Nineteen

The Cloaked Phantom

NESS

The Senator has spent the afternoon watching final cuts of my propaganda videos.

We’re up in the attic with Roslyn, and she’s explained her updated rollout plan. The majority of videos will be fed out online through sock puppet accounts. The ones capable of doing the most damage to celestial reputations—also known as the Senator’s favorites—will be offered to pro-Iron networks such as Wolf News for more prominent airing.

Roslyn pulls out a script from her folder. “I wrote this one last night. I created a victim who claims that Iris Simone-Chambers broke her arm and threatened to punch a hole in her stomach if she didn’t turn over surveillance footage that would’ve identified her as guilty of a robbery.”

The Senator slides the script back across the desk. “We can’t involve detailed personal accounts like that. Not for the Spell Walkers or Sunstar or any of my opponents. If they sense something is off, it could open an investigation that would stanch the wound we’re trying to widen. Only videos that can’t be traced back to us.” He turns to me, where I’m sitting in the corner by the window. “We can’t have Eduardo’s wonderful work go to waste. Isn’t that right, son?”

I don’t react. That’s what he wants and I’ve given him enough.

Filming for the past two days has been absolutely draining. The closest I’ve come to actively using my power for long stretches of time like this is when I once went undercover as one of Luna’s rival alchemists to get him some intel for blackmail. For how physically exhausting this has all been, it’s got nothing on how it’s affected me mentally. I’m the person behind all these masks of lies. Once these videos are out there, everyone who suffers—rights taken away, jailed, killed—will be because of my performances. The whole thing makes me want to morph into a little boy and cry into my mother’s chest.

The Senator stands. “Great work, Roslyn. I have to finish getting ready, but we can discuss your phase two proposals on the way to Florida. Be downstairs in three.” On the way out, he looks over his shoulder and says, “Behave while I’m away, Eduardo. Don’t stay up too late.” His laughter follows him out of the attic.

Roslyn lets out a happy sigh.

“How do you sleep at night, fraud?” I ask.

“A lot better since I started sharing a bed with your father,” she says with a smile.
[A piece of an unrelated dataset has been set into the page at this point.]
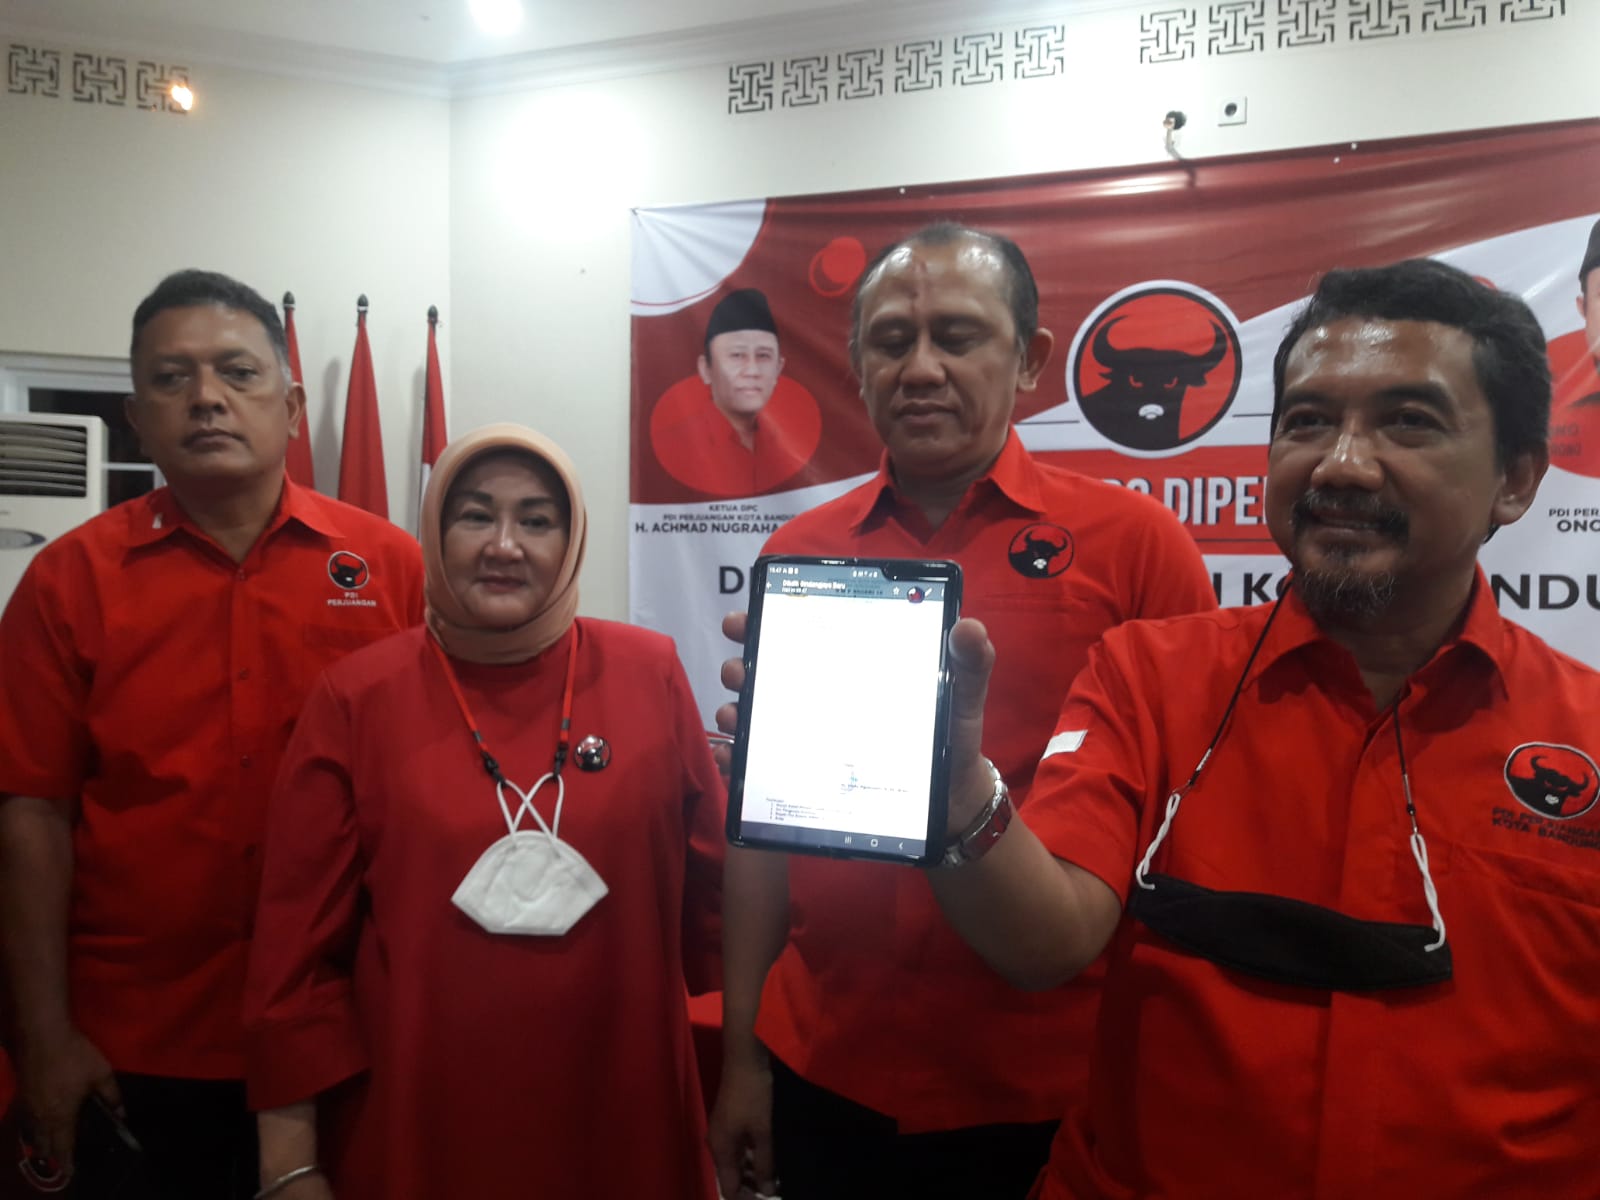 SAMPAIKAN PROTES: Pengurus PDIP Kota Bandung menunujukkan surat undangan pihak SMPN 16 Bandung yang mengajak orang tua siswa untuk mengikuti sosialisasi salah satu parpol.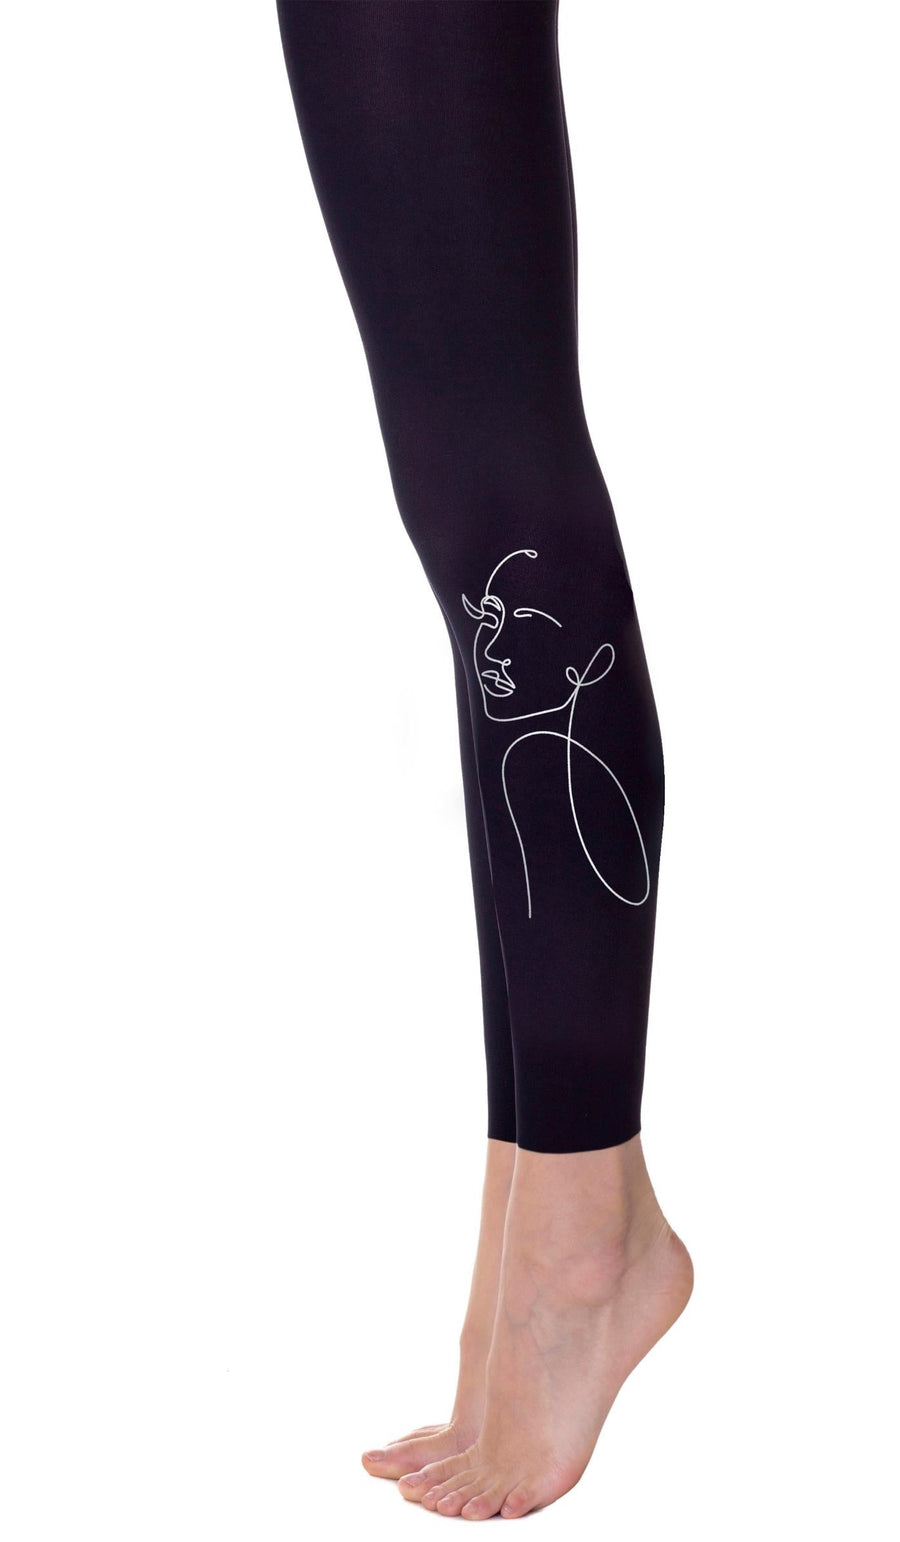 גרביון בצבע שחור ללא כף רגל עם הדפס סילואט

So they are together now—or at least, hooking up. It seems like there are only a handful of people on the Senator’s team who know about me being alive. I haven’t seen any other bodyguards except Jax and Zenon, and Jax truly should’ve been fired for the way he failed at his job during the break-in this week. But if it’s really just those two, Bishop, and Roslyn, I have to manipulate them. Get into their heads.

“You’re never going to be his First Lady,” I tell her. “I know what it looks like when he talks to a woman he loves. That’s not what’s happening here.”

“My love for him and his work is enough for the both of us,” Roslyn says as she finishes packing up her laptop and files. “That’ll keep me warm in the White House’s master bedroom.”

She leaves the attic.

I want to call her a monster, but that won’t faze her. Roslyn needs time to become unsettled and I have to trust that I’ve planted a seed. I didn’t even have to lie. My mom wasn’t perfect. Her views weren’t always in line with where mine are now, and she didn’t always challenge her husband like she encouraged me with others, but she would’ve never supported all this cheating, let alone help engineer it. She didn’t have to perform her loyalty to the Senator to get him to love her. I saw his private grief when she was killed.

I hope every corrupt person on this team ends up in prison like the criminals they are. Right on cue, Jax arrives—his face fully healed because of Eva—to lock me back in my cage after this torturous session in the attic. I would’ve been happier alone and peeling paint off my walls than having the Senator and Roslyn for company. But Jax doesn’t take me to my bedroom. We go downstairs, where the Senator, Roslyn, and Zenon are waiting by the front door with luggage.

“We said bye already,” I say to the Senator.

“But not to Jax and Zenon. They’ll be joining me on this trip. Fear not, you won’t be left alone,” he says.

Dione steps out of the living room and leans against the grandfather clock. “Enough talk. You can go now,” she says to the Senator.

He doesn’t challenge her disrespect. He must understand already that she won’t ever favor him. It’s one of the reasons I trusted her after joining the gang.

I see the Senator and Roslyn in this new light knowing they’re together and I’m thrilled when they leave with Jax and Zenon following them out. That leaves me with Dione. We’re not friends, though I thought we could’ve been. She was always the most human in rooms with bloodthirsty Stanton and ghostly June. But she’s quick to anger, doesn’t show remorse around killing those who try to overpower her, and she’s very loyal to Luna. I have to be smart around her if I’m going to make the most of this time away from the Senator and his team.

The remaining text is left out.